Internally determine chemical bonds

It is possible to automatically define chemical bonds with the determine_bonds() method after reading a molecule from an XYZ file. This method implements RDKit’s rdkit.Chem.rdDetermineBonds.DetermineBonds and assigns atom connectivity and bond information. This is done for all conformers in case multiple have been provided. The charge of the molecule must be set before using this method (see the determine_bonds() method).

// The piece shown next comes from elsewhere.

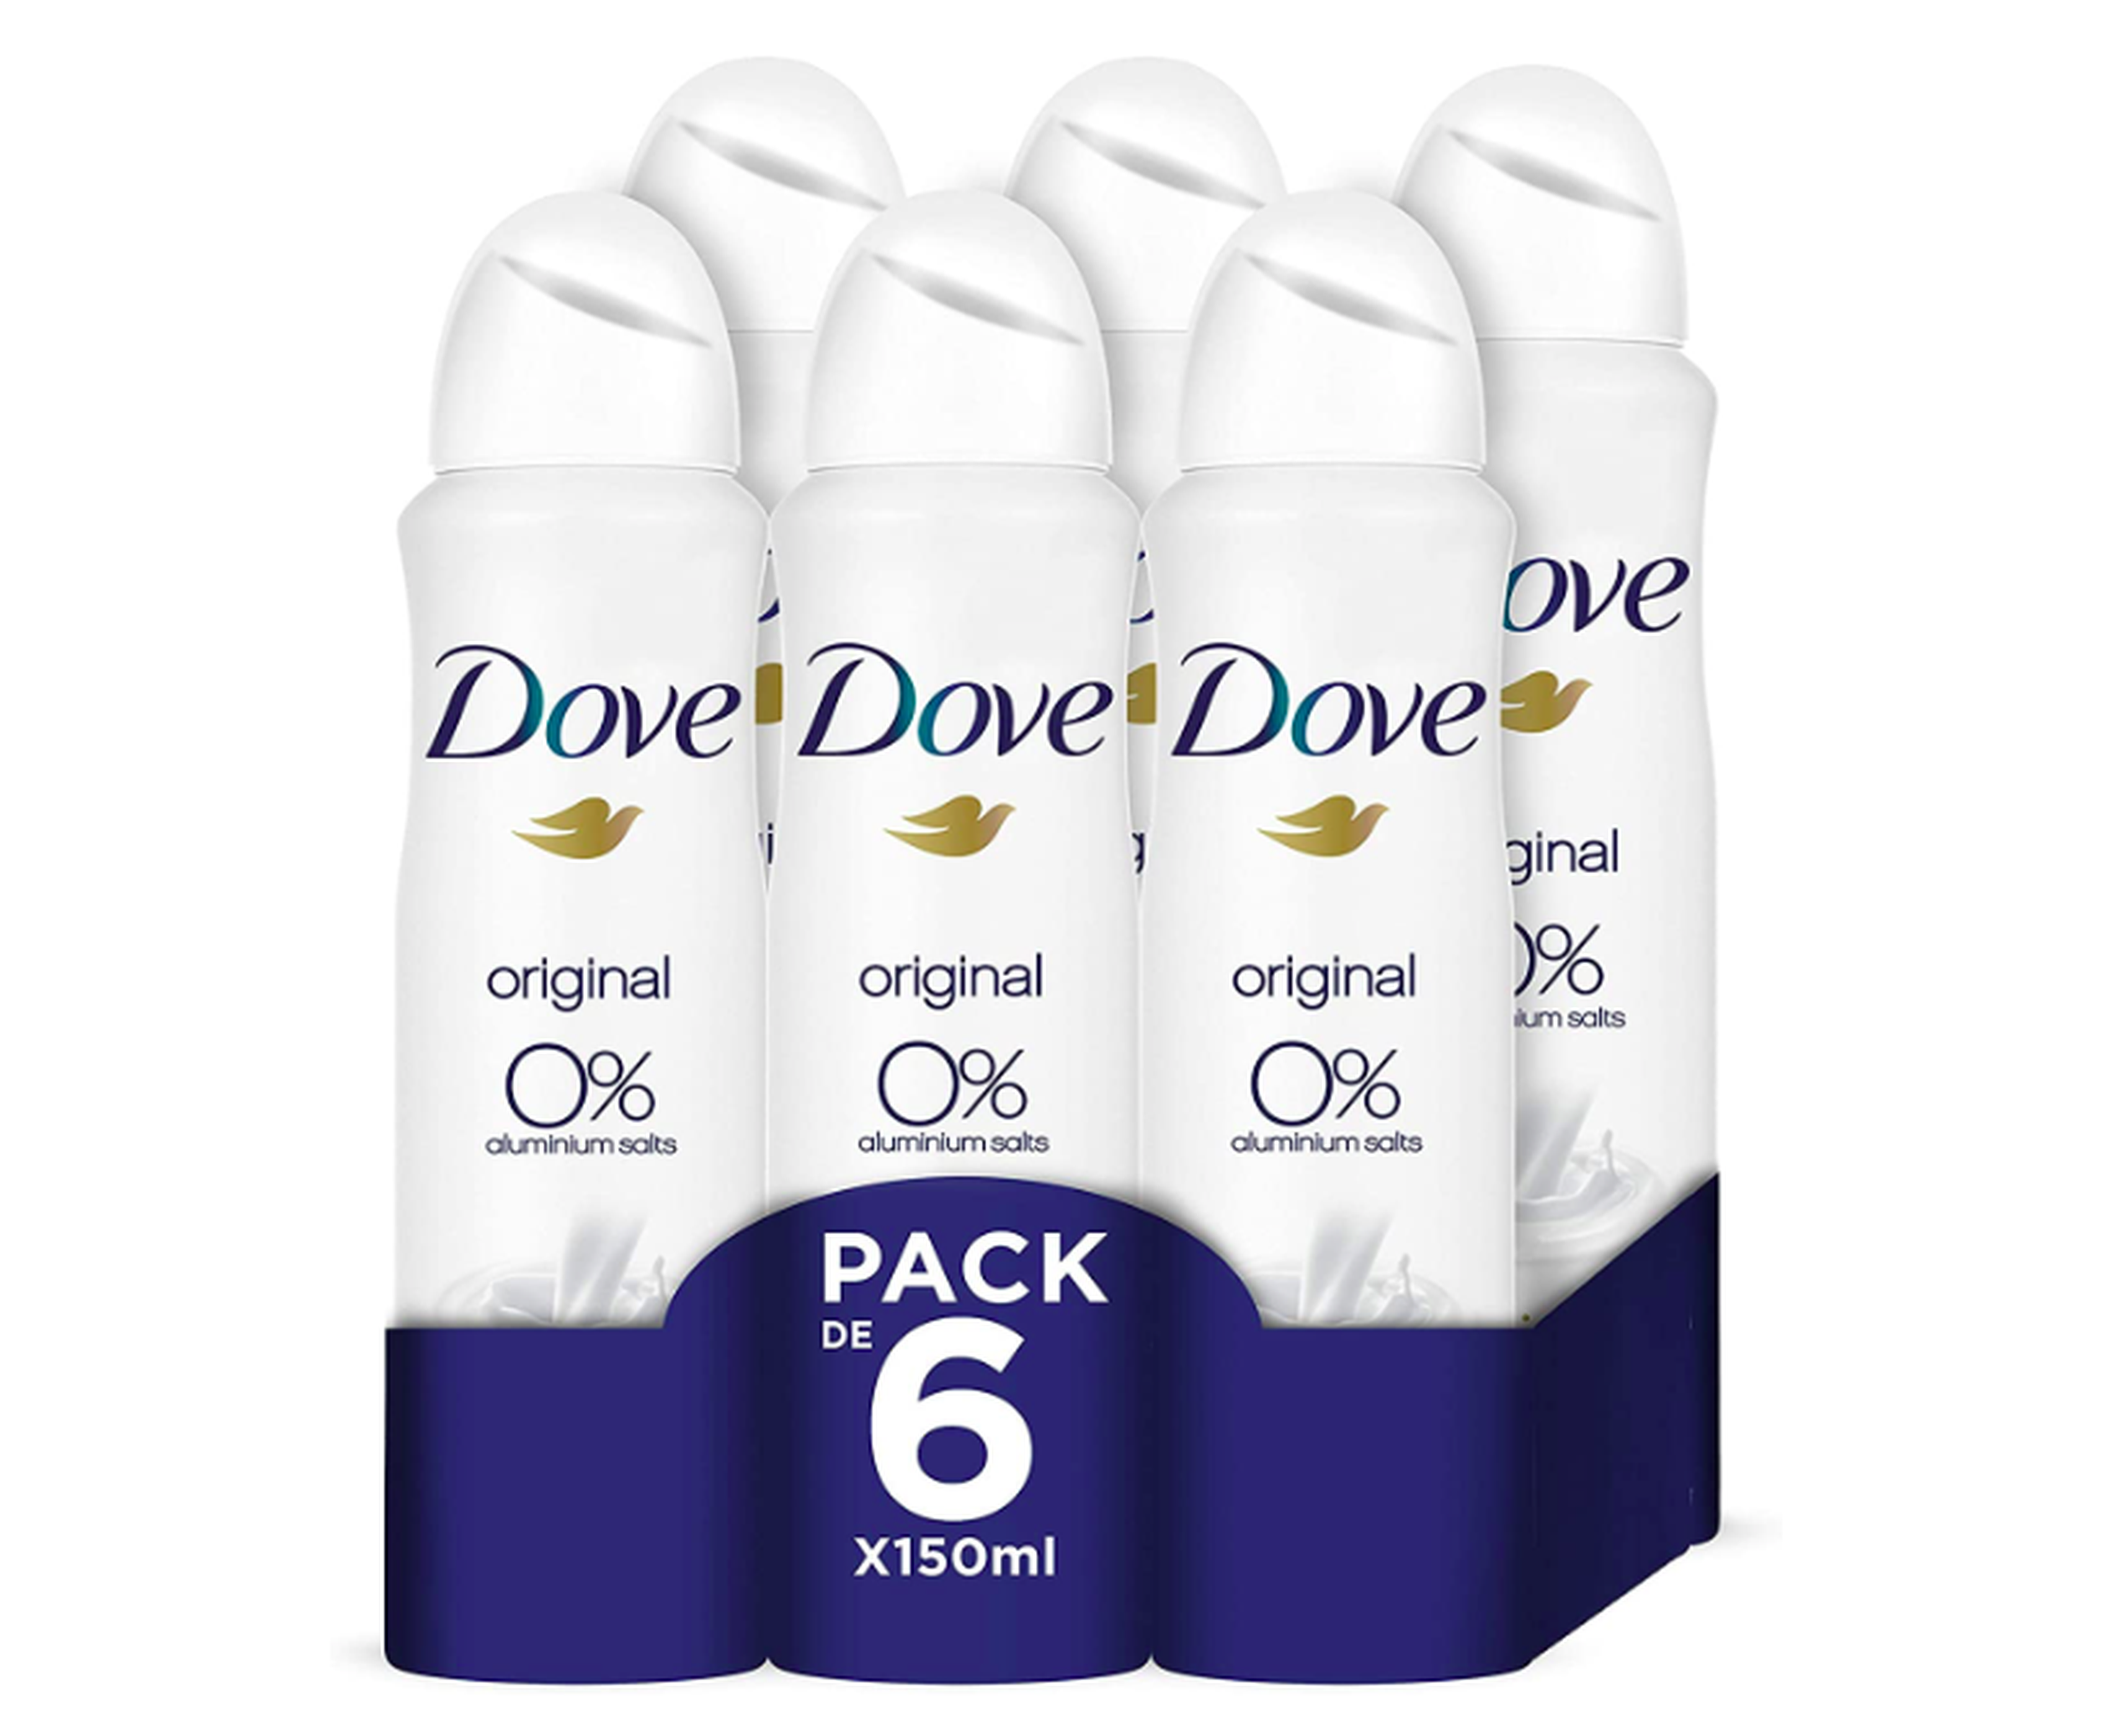 Dove Original Desodorante, 0% aluminio - pack de 6 x 150 ml - total: 900 ml.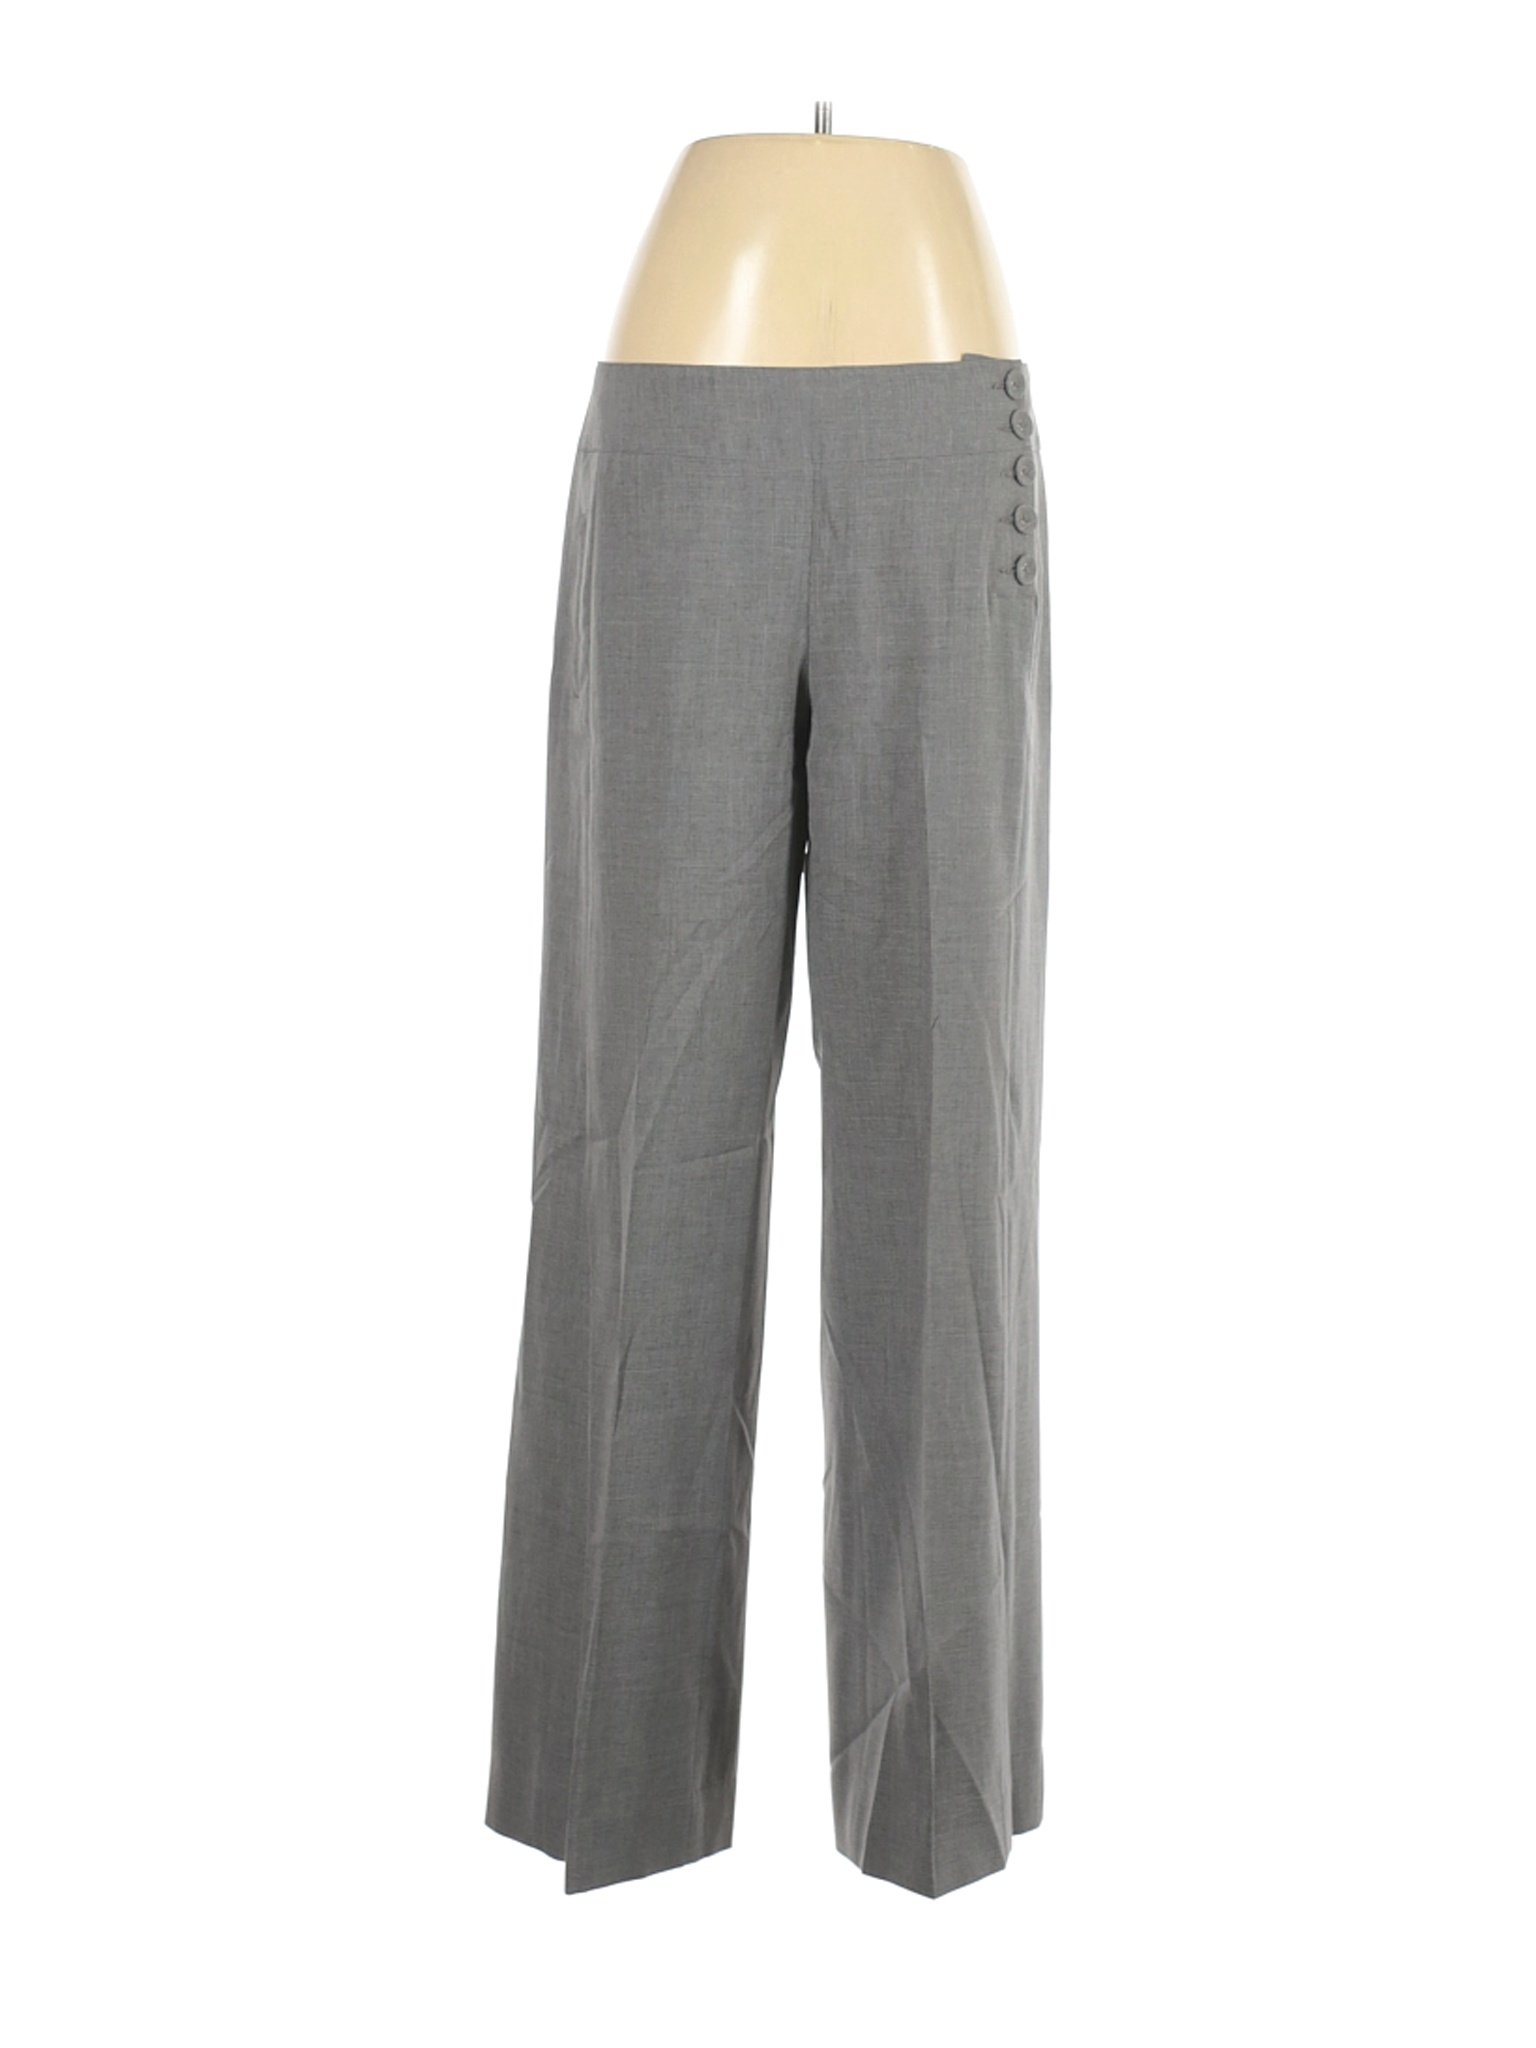 CAbi Women Gray Dress Pants 8 | eBay

>>> from bonafide import AtomBondFeaturizer
>>> f = AtomBondFeaturizer()
>>> f.read_input("diclo.xyz", "diclofenac", input_format="file")
>>> f.set_charge(0)
>>> f.determine_bonds()

Several optional arguments can be passed to modify the exact procedure of bond determination (see the API documentation).

Attaching a SMILES string

Alternatively, it is possible to attach a SMILES string to a 3D conformer ensemble, which exactly defines the chemical bonding between the atoms (within the SMILE system). This is done through the attach_smiles() method. By using the default align=True, the atom indices (atom order) of the initially read molecule are preserved; if set to False, the atoms are reordered according to the SMILES string. The attach_smiles() method also requires the charge of the molecule to be set beforehand. This is because the charge is required for determining the atom connectivity of the molecule to which the SMILES string is attached.

>>> from bonafide import AtomBondFeaturizer
>>> f = AtomBondFeaturizer()
>>> f.read_input("diclo.xyz", "diclofenac", input_format="file")
>>> f.set_charge(0)
>>> f.attach_smiles("[H]OC(=O)C([H])([H])c1c([H])c([H])c([H])c([H])c1N([H])c1c(Cl)c([H])c([H])c([H])c1Cl")